**Activity**: Repeat nothing but the lines below running from the one containing "LEGO Star Wars Set 7958" to the one containing "Moderno Vestidos De". Keep both end lines.

**Information**:
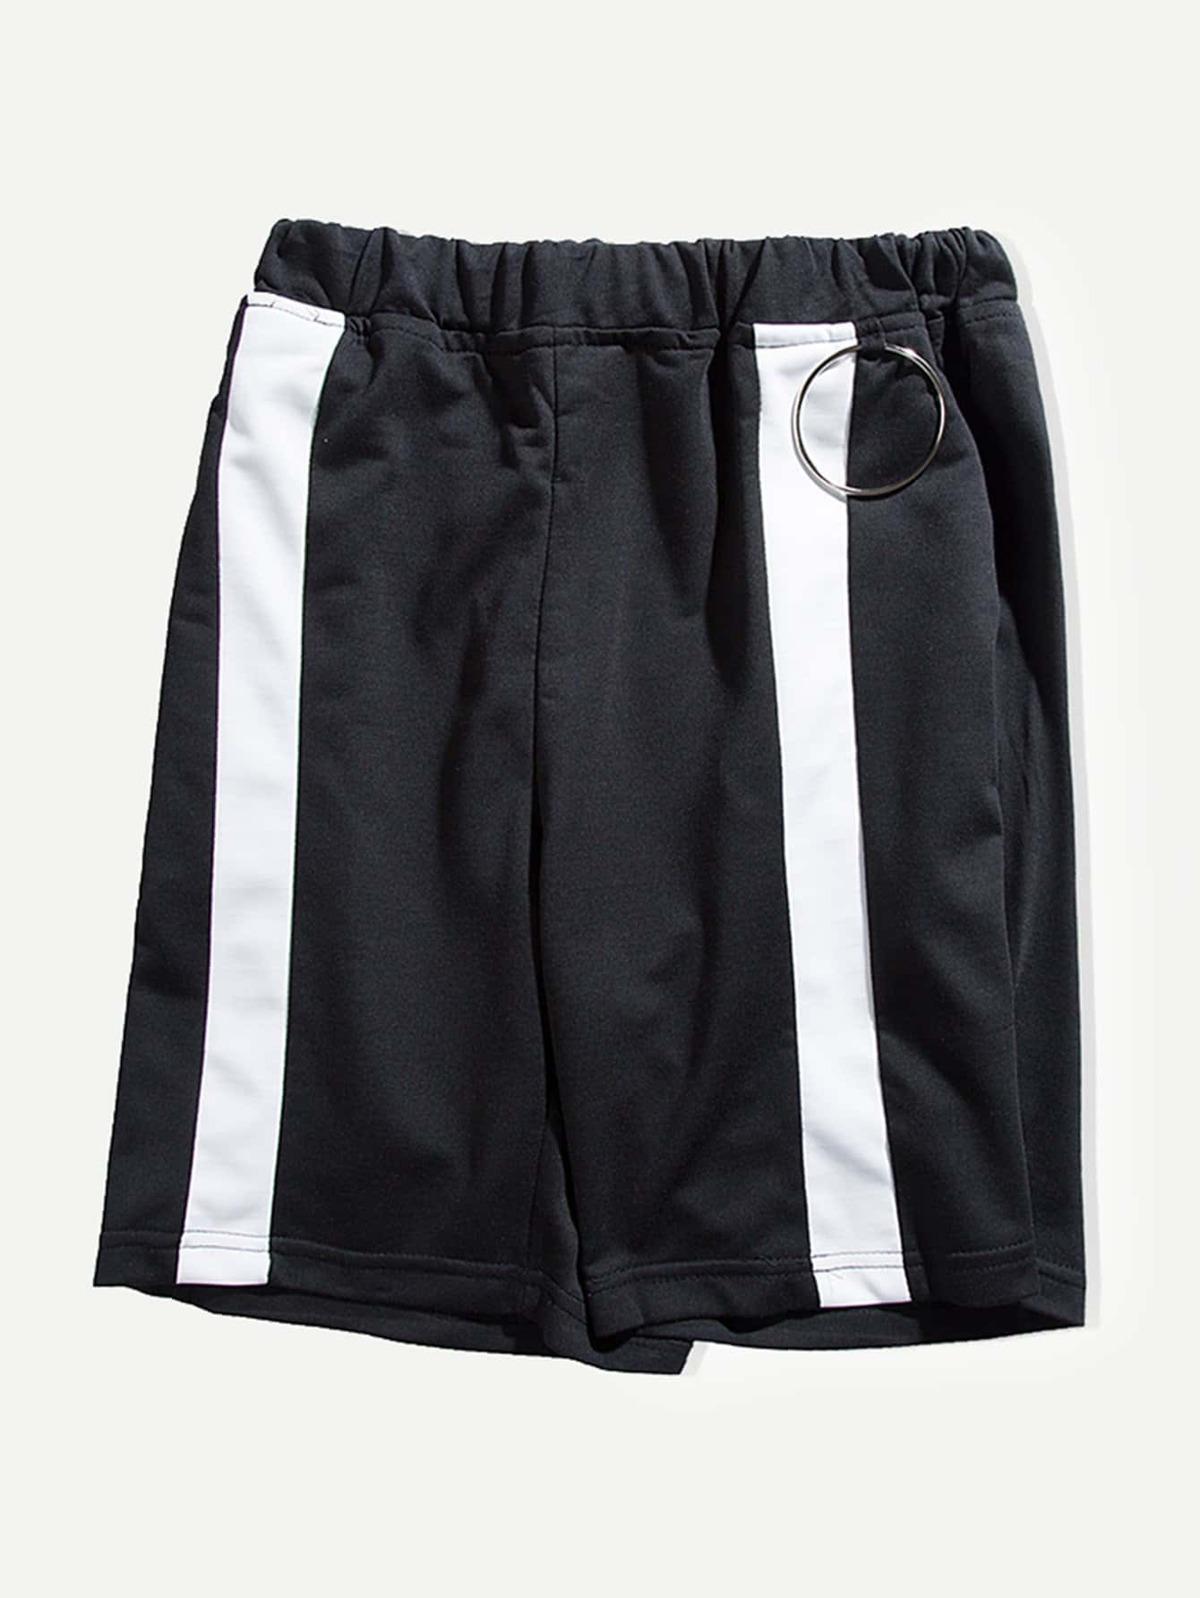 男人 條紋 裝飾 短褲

* * *

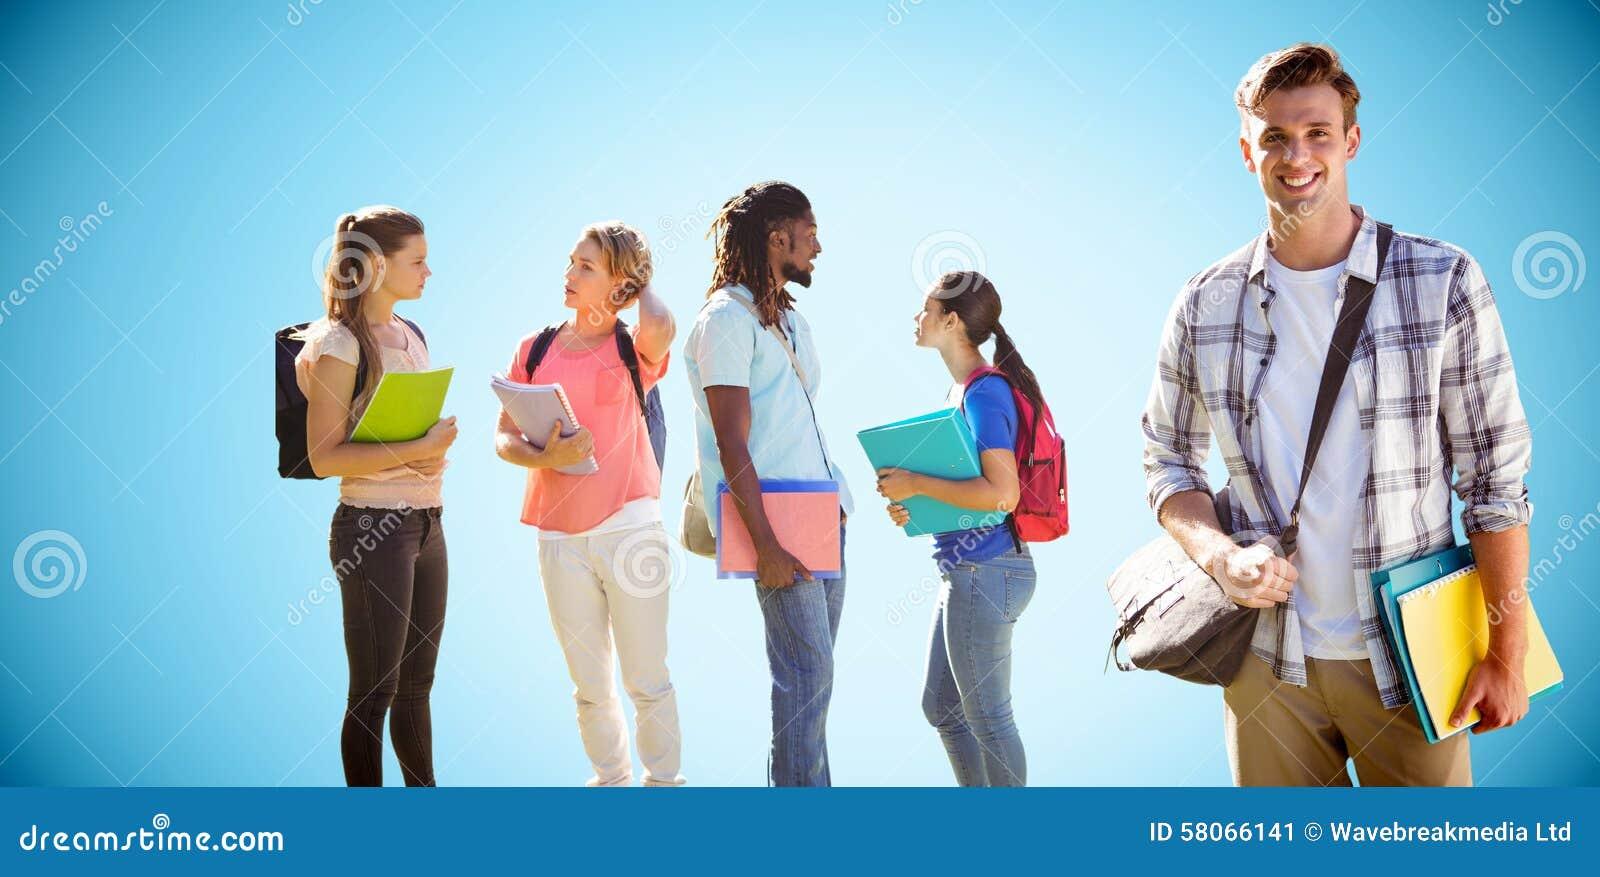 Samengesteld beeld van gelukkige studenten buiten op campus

...

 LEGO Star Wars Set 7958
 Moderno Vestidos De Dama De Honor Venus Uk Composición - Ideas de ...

**Response to this exercise**:
 LEGO Star Wars Set 7958
 Moderno Vestidos De Dama De Honor Venus Uk Composición - Ideas de ...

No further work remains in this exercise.